Monday, March 06, 2006

The Essay

Many of us who applied to college remember with little fondness the dreaded application essay. How do you condense your lack luster high school years into 200 words of stupendous achievements? How do you make your "leadership skills" sound extraordinary? Well some parents are still sweating the essay. No, not for themselves. Not even for their teens. It's for their toddlers. Yep, to get into the coveted elite preschools the parent must tell the world why their toddler is heads and diapers above the rest. Here's what one father in New York wrote about his top notch 18 month old twins,

"He knows that birds like to sit on rooftops when they are not on the ground, that cats and dogs like to be petted, and that the blue racquetballs in the can belong in the racquetball court upstairs."

About Humza's twin, Raza, he wrote, "He is happy to point out all his body parts when asked."

Gee, I'm impressed. Aren't you? It's amazing what otherwise intelligent people are reduced to. The parents increase their options of getting into the best schools if they separate their children into different schools. How sad. If you break up the family you have a better chance of getting in. Who cares that the child's most important relationships are destroyed. They got in!
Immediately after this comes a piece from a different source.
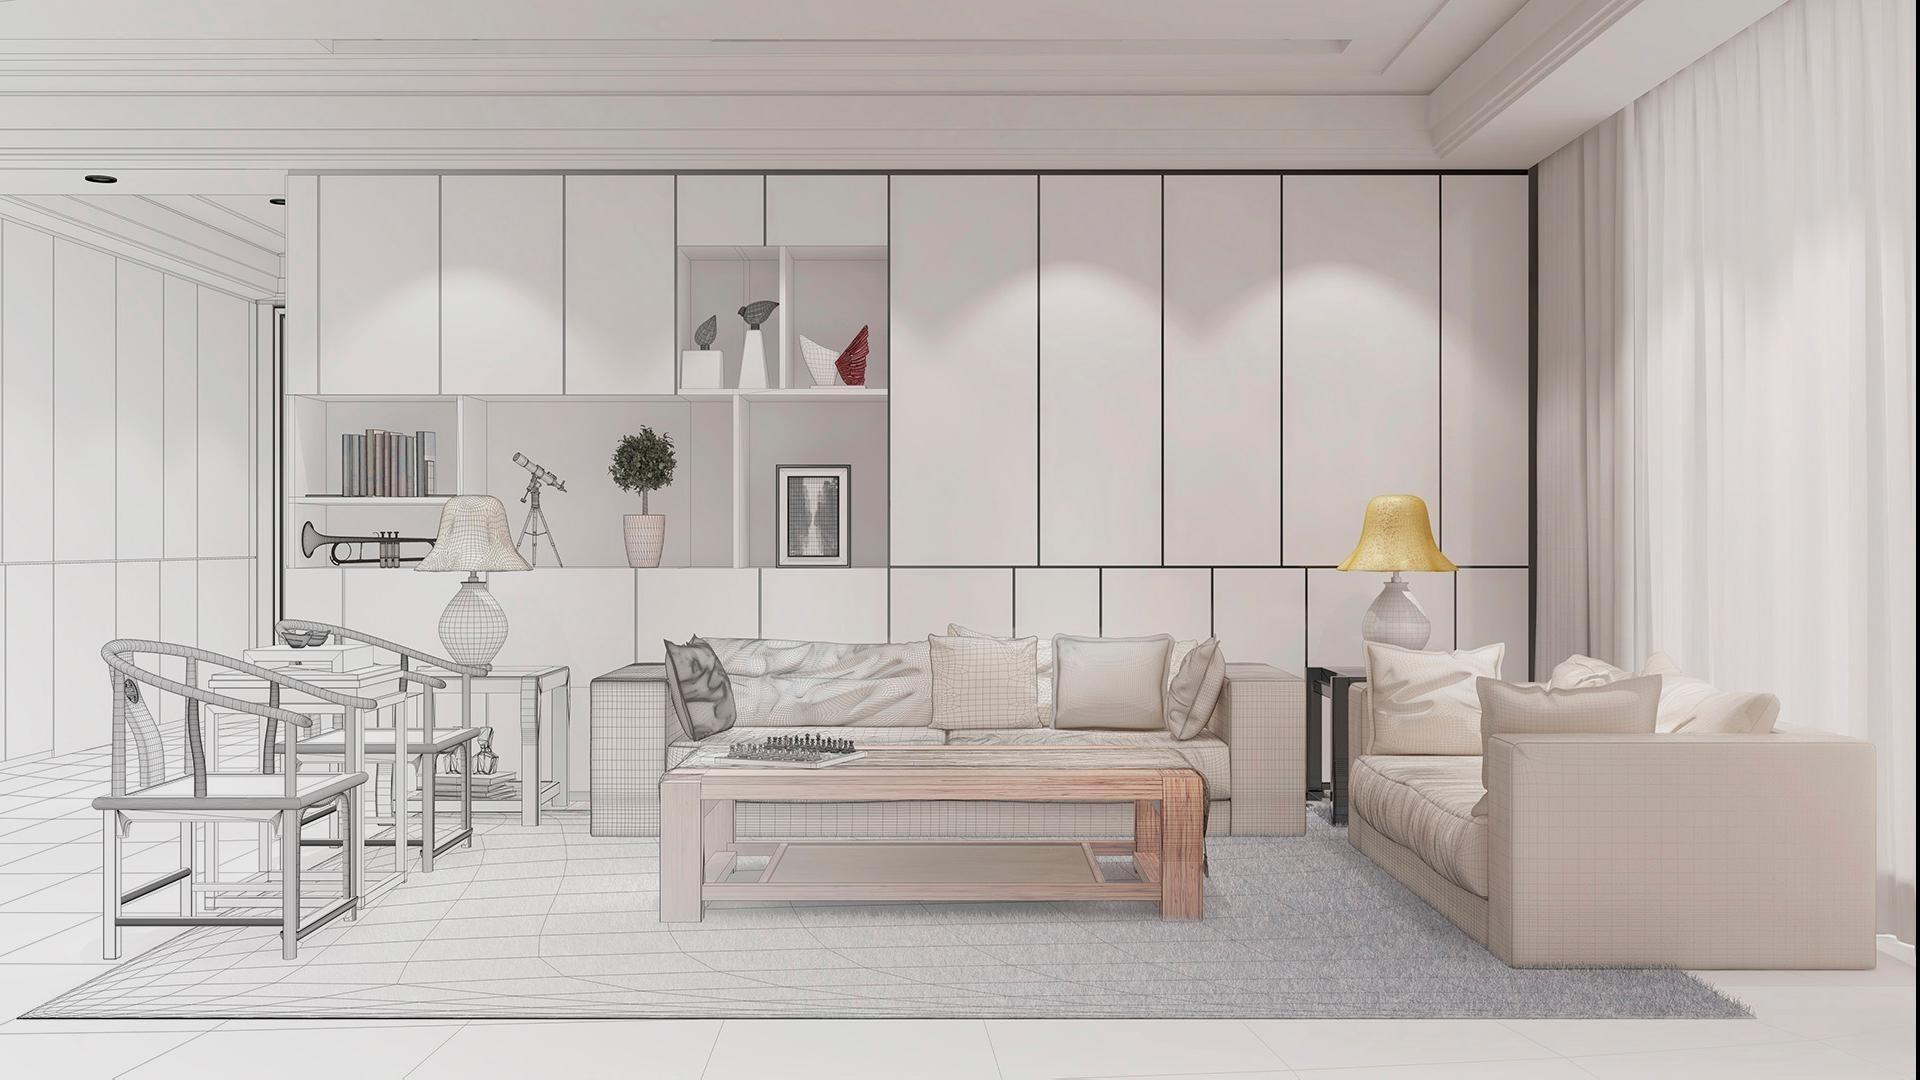 Curso superior universitario en decoración, interiorismo y gestión de proyectos (ACAD + 3D)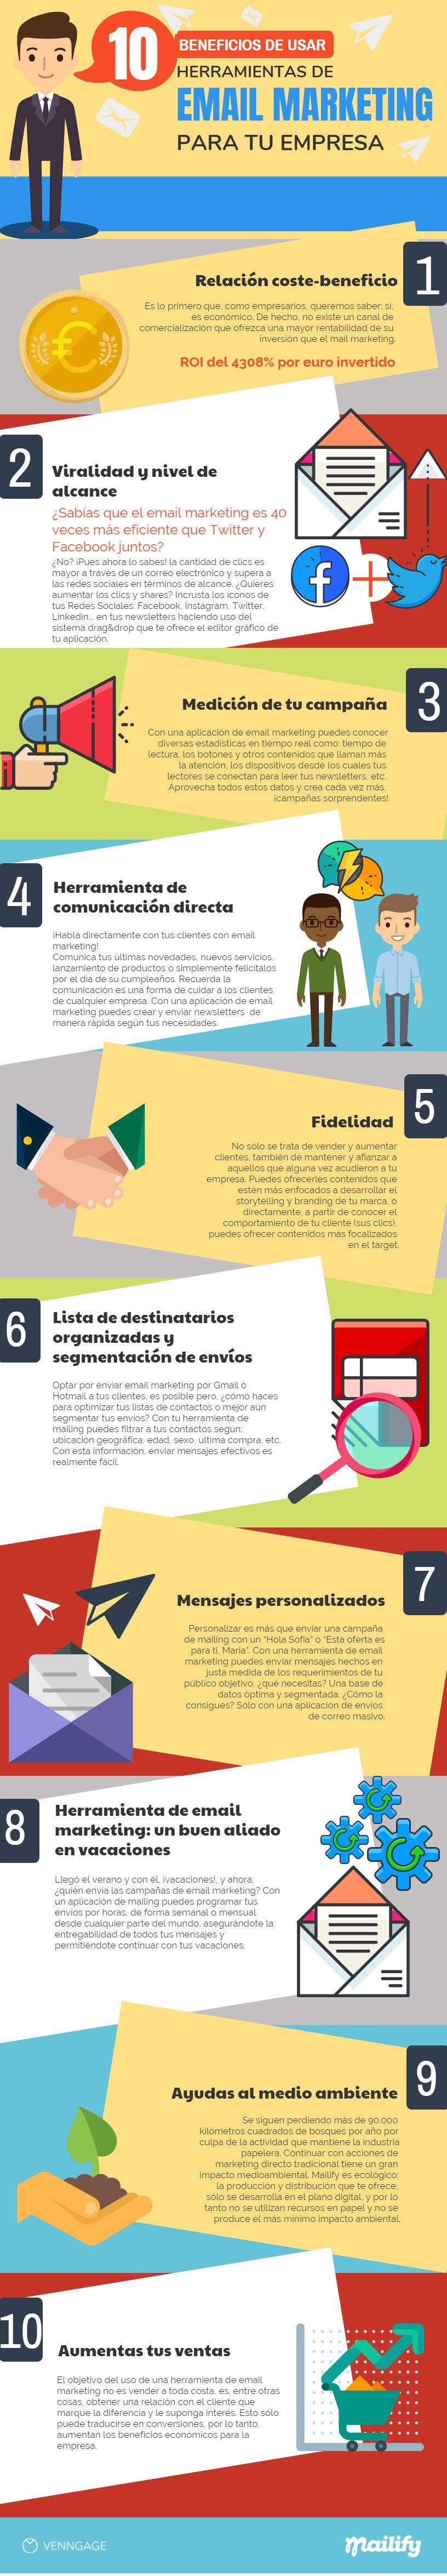 Beneficios del email marketing para empresas

The preschool admission process is actually becoming a lucrative business. Seminars are being taught on how to write a better essay to get little junior accepted. They encourage creativity in the describing the little dears. Mr. Humza described his son as a "soft hearted jock". That probably means he likes to throw things and cries when told no. He described his other child as a "thinker and a mischievous lover." I'm not even going to try figuring out what that means. You know if the blogging boom turns to a bust. I may just try my hand at ghost writing essays for stressed out moms and dads. I'm mean how hard can it be? I'll bet you could get good money writing a decent, original essay.

This is all just plain silly. They are just children. Can't we just let them be that for a little while longer before this nonsense takes over their lives?

And by the way, I am happy to report that my toddler (pictured above) has been accepted at the very prestigious Spunky Homeschool - no essay required.

Update 3/7: Not if but when? CJ somewhat sarcastically commented, "Anyone want to put bets on how long it will be before preschool is made mandatory across the U.S.? " According to one expert we won't have to wait very long.
Dick Clifford, an early education expert at the University of North Carolina, sees pervasive pre-kindergarten as inevitable state by state, nationwide. It's not a matter of if, he says, but when.